Let $p$ be an odd (for simplification) prime and $k$ be a field of characteristic $\neq p $. Denote by $G_k$ the absolute Galois group of $k$. Any cyclic extension of $k$ of degree $p$ (say a $C_p$- extension for short) is the fixed field of a subgroup of index $p$ of $G_k$, and any such subgroup is the kernel of a non trivial homomorphism $G_k \to C_p$, so that the $C_p$-extensions of $k$ are classified by the non trivial elements of the group $Hom(G_k, C_p)$. To progress further, introduce the field $K = k(\mu_p)$, where $\mu_p$ is the group of $p$-th roots of unity, and consider the restriction map $Hom(G_k, C_p) \to Hom(G_K, C_p)$. For any Galois module $X$, $\Delta=Gal(K/k)$ acts on $Hom (G_K , X)$ in the usual way, more precisely via $(\delta, f) \in \Delta \times Hom(G_K, X) \to f^{\delta}$ given by $f^{\delta}(x)= \delta (f(\delta^{-1}(x))$ for $x \in X$ . Note that this action is the only one which is functorial; here $\Delta$ acts trivially on $C_p$. Since $\Delta$ has order prime to $p$, it is classically known that $Hom(G_k, C_p)\cong Hom(G_K, C_p)^{\Delta}$, where the superscript $(.)^{\Delta}$ denotes the invariants under $\Delta$. Since $G_K$ acts trivially on $\mu_p$, one has $Hom(G_K, C_p)\cong Hom(G_K,\mu_p)$ as groups, but not as $\Delta$-modules because of the canonical action of $\Delta$ defined above. Actually, one can check easily that $Hom(G_K, C_p)\cong Hom(G_K,\mu_p)(-1)$, where $(.)(-1)$ denotes the so called "Tate twist", which means that the Galois action on $Hom(G_K,\mu_p)$ has been replaced by a new action defined by $\delta^{new} (f)= \kappa(\delta)^{-1}.\delta^{old}(f)$, where $\kappa$ is the mod $p$ character defined by $\delta(\zeta)=\zeta^{\kappa(\delta)}$ for $\zeta \in \mu_p$ . Consequently, $Hom(G_k, C_p)$ can be identied with the elements $f\in Hom(G_K,\mu_p)$ such that $\delta (f)=\kappa(\delta).f$ (these can be viewed as "eigenvectors" corresponding to the "eigenvalues" $\kappa(\delta)$.)

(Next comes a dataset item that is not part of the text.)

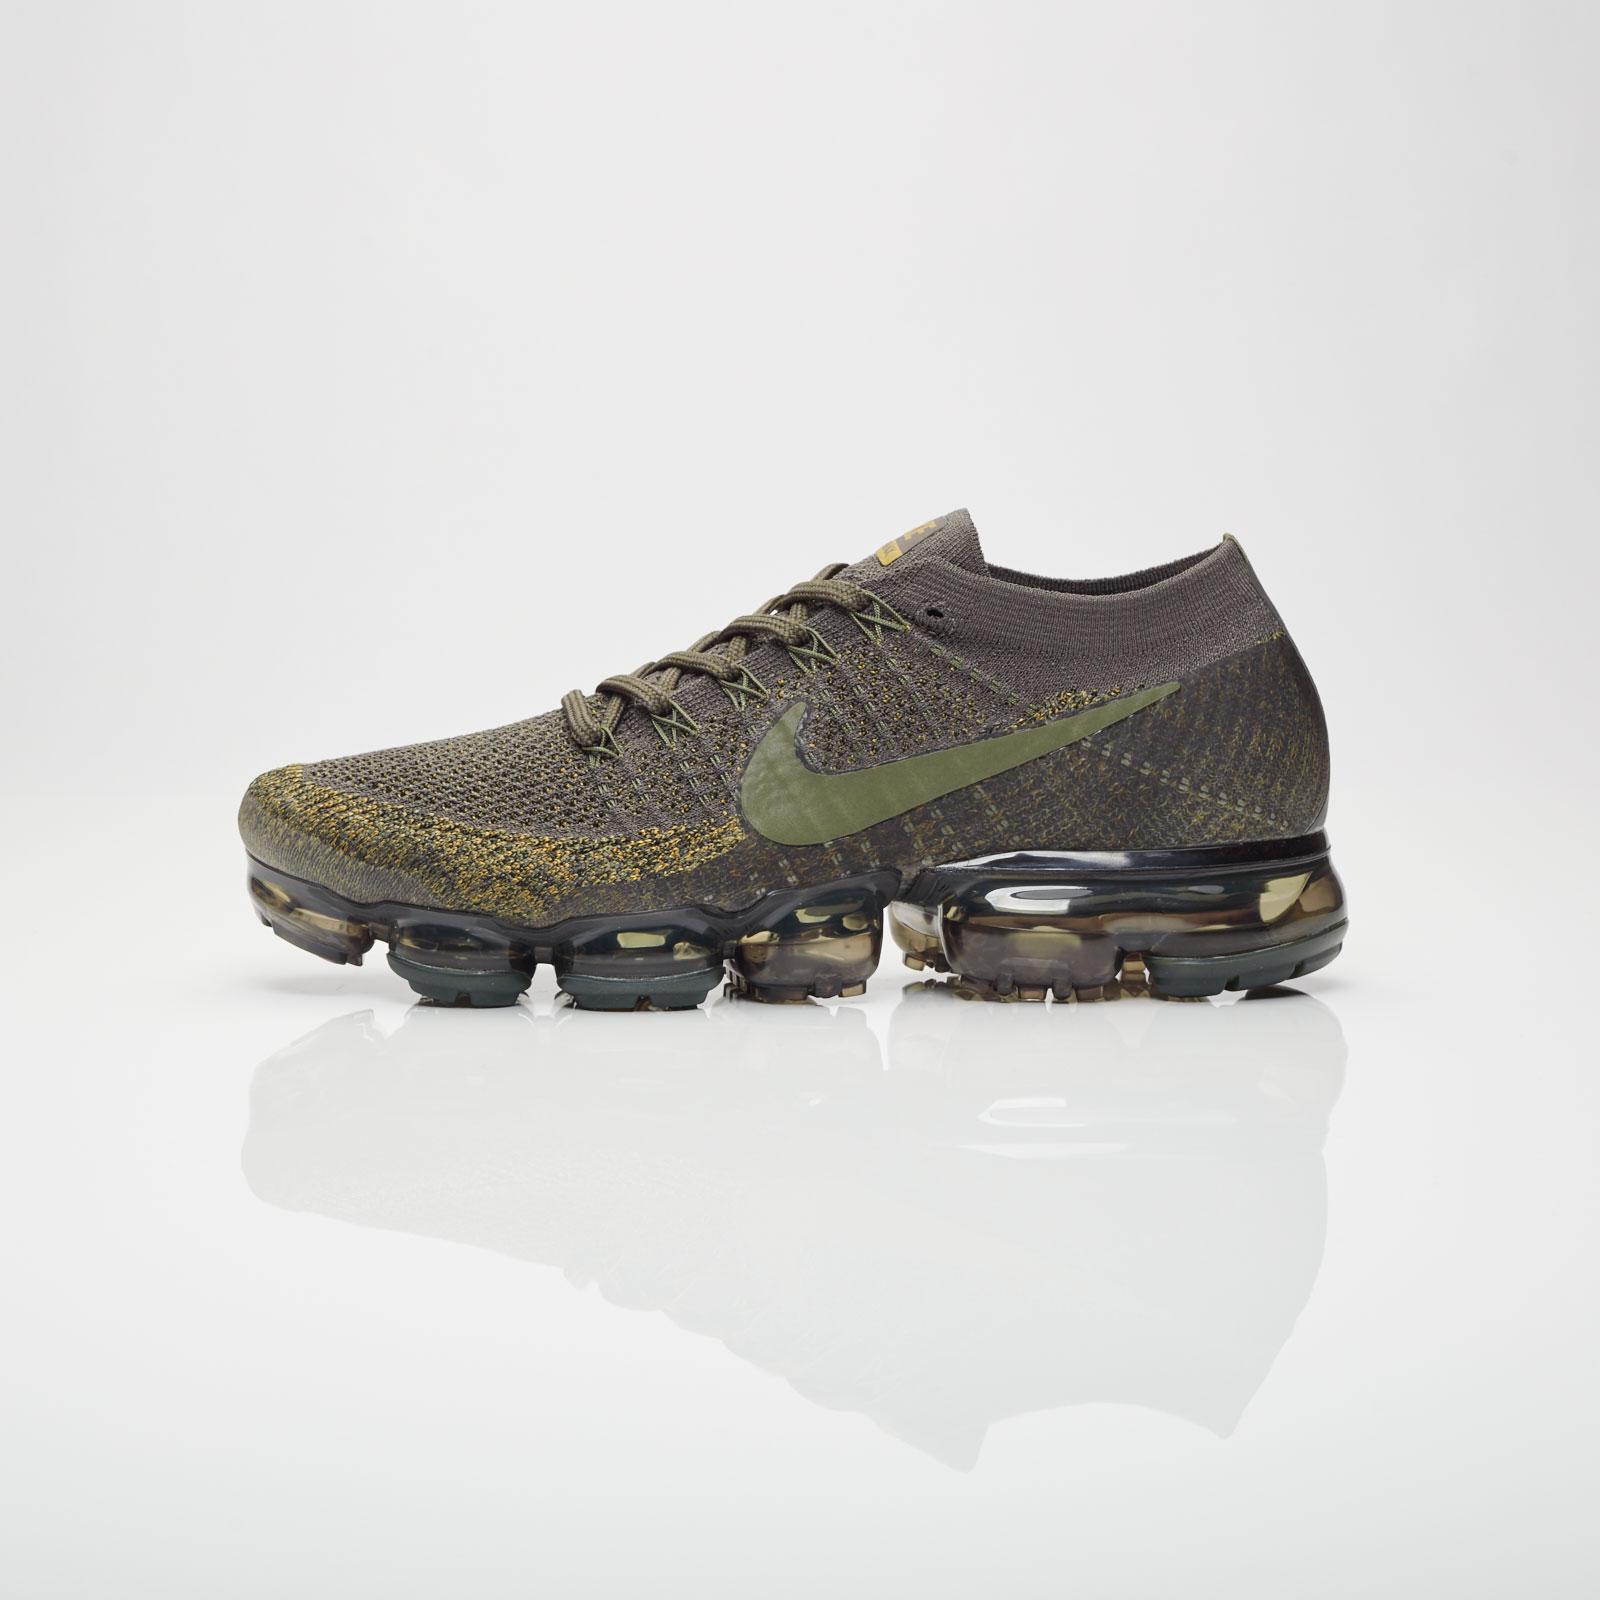 3b14e4a8b6f Nike Air Vapormax Flyknit - 899473-004 - Sneakersnstuff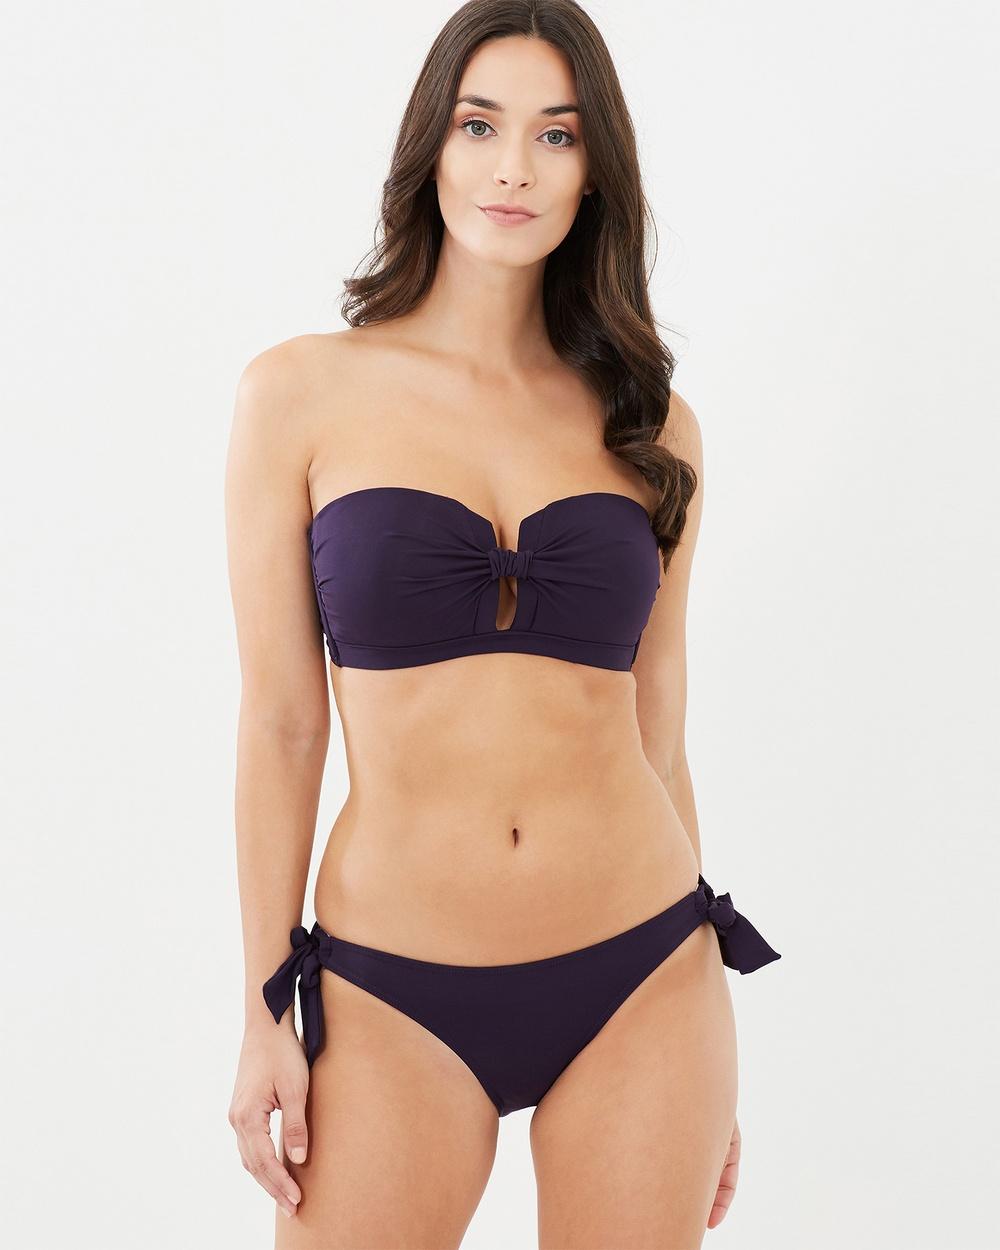 JETS Tab Front Bandeau Bikini Tops Multi Tab Front Bandeau

Now, by Kummer theory, $Hom(G_K,\mu_p)\cong (K^{*}/K^{*})^p$ , which means more concretely that any $C_p$-extension of $K$ is of the form $K(\sqrt [p]a)$, where $a$ represents a class $\bar a \in (K^{*}/K^{*})^p$, and two such extensions $K(\sqrt [p]a)$ and $K(\sqrt [p]b)$ coincide iff $\bar a = \bar b^j$ for a certain $j\neq 0$ mod $p$. Summarizing : two $C_p$-extensions $L$ and $L'$ of $k$ coincide iff the composite fields $L.K = K(\sqrt [p]a)$ and $L'.K = K(\sqrt [p]b)$ coincide, which means that $\delta(\bar a)=\kappa(\delta).\bar a$ and $\bar a = \bar b^j$, $j\neq 0$ mod $p$. This is an "elegant" theoretical way to distinguish between two $C_p$-extensions of $k$, but of course, in concrete examples, it requires some computations - although in your paticular case $k=Q$ and $p=3$, these do not seem especially complicated. For pure cubic fields, i.e. of the form $Q(\sqrt [3] a)$, with $a \in Q^{*}$, they even start in an obvious way ./.